Ingestão Diária Admissível

              O estabelecimento da ingestão diária admissível (ADI) para o ciclamato de sódio não foi um processo fácil, e esta tem vindo a ser ajustada à medida que mais estudos vão sendo feitos com o edulcorante. A dificuldade em estabelecer a ADI para o ciclamato de sódio é devido à sua farmacocinética. O conhecimento rigoroso deste processo é vital na confiança do estabelecimento da ADI. 


               A biodisponibilidade do ciclamato de sódio é muito baixa em humanos, e  ele por si só não tem efeitos tóxicos. A fração que absorvida é rapidamente excretada sem sofrer modificações, e praticamente não há acumulação nos órgãos, leite e sangue. Além disso, o Ratinho, a espécie animal usada nos estudos que levaram ao estabelecimeno da ADI, é uma má escolha como animal de teste porque há diferenças na distribuição e metabolização do ciclamato de sódio a  ciclohexilamina, o metabolito que tem potencial tóxico, em relação ao que se passa no homem. Além disso, o facto de que no homem a ciclohexilamina apenas é formada pela flora bacteriana ao metabolizar o ciclamato de sódio no intestino, e que esta flora é diferente de individuo para indíviduo, e está condicionada pelo tipo de dieta, pelo conteúdo do cólon e  pela adaptação da própria flora às condições do meio envolvente, torna esta determinação bastante complexa. [17]
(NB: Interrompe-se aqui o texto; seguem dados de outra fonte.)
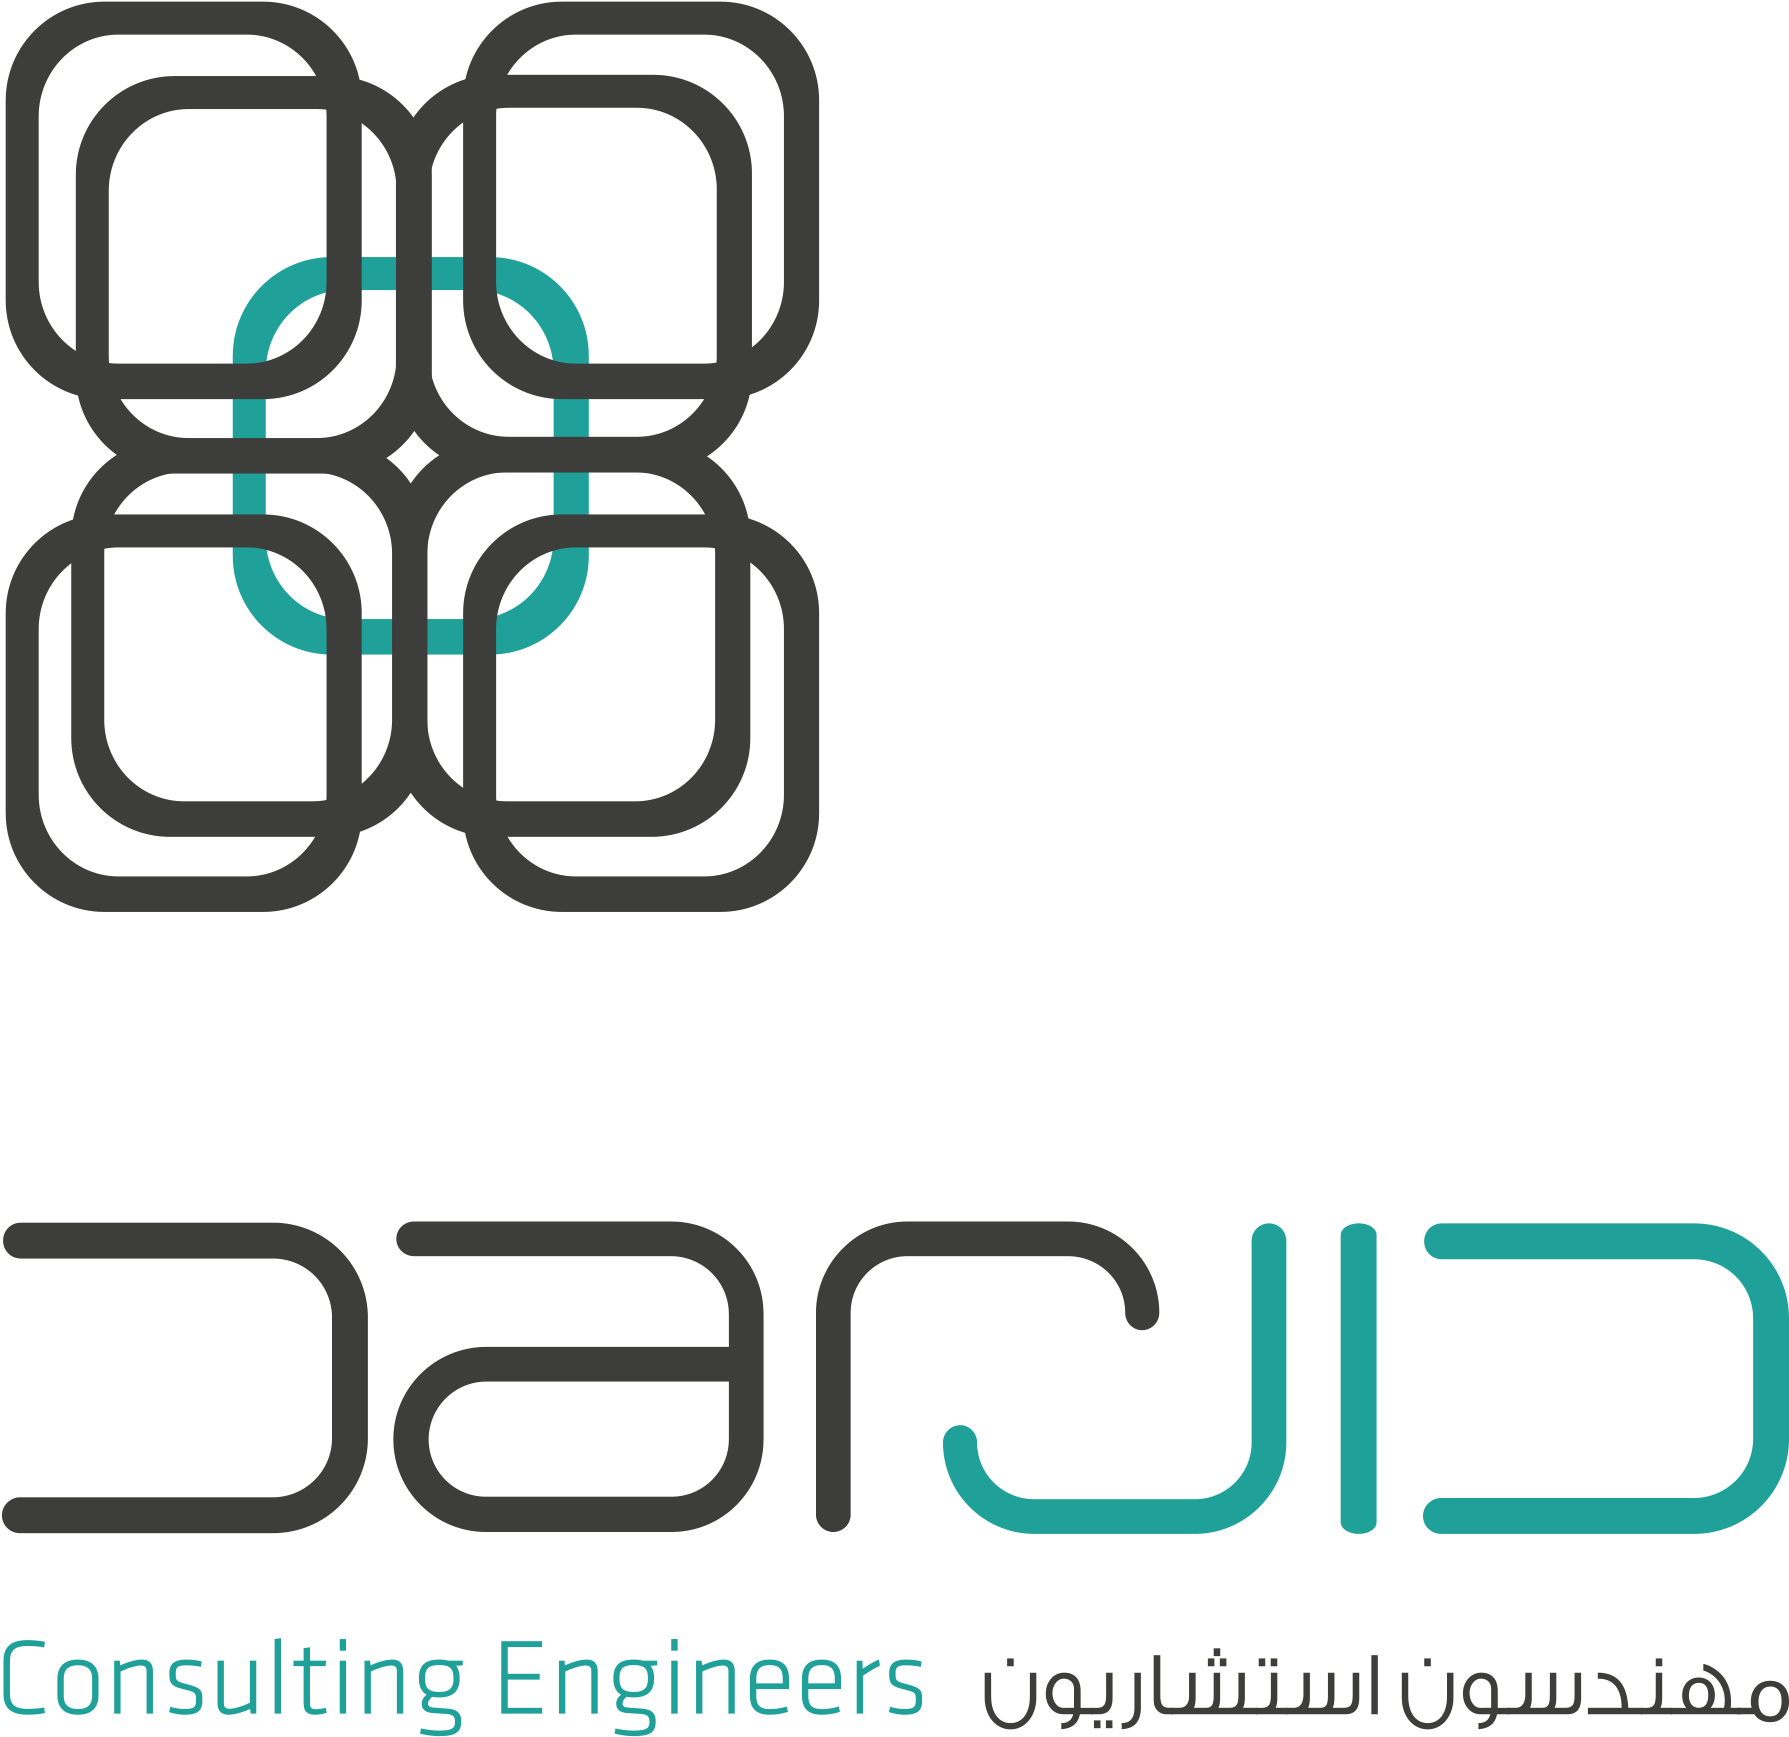 Dar Consulting Engineers - Dar Consulting Engineers (1809x1745)

                                                        
         Assim, estabelecer um valor para a ingestão diária admissível para o ciclamato de sódio foi um processo bastante delicado porque apenas o resultado da metabolização por parte da flora intestinal é toxico, e diferentes pessoas metabolizam este edulcorante de forma quantitativamente muito diferente, incluindo uma percentagem bastante significativa (80%) que excretava o ciclamato sem qualquer tipo de metabolização.

        
De acordo com a JECFA (The Joint FAO/WHO Expert Committee On Food Additives) a ingestão diária admissível situa-se entre 0-11 mg/kg de peso para o ciclamato de sódio, expresso em ácido ciclamico. Em 2000, a Scientific Comimittee on Food da União Europeia decidiu avaliar novamente a dose diária admissível, baseando-se em novos estudos, tendo decidido descer o valor para 0-7 mg/kg de peso corporal [14]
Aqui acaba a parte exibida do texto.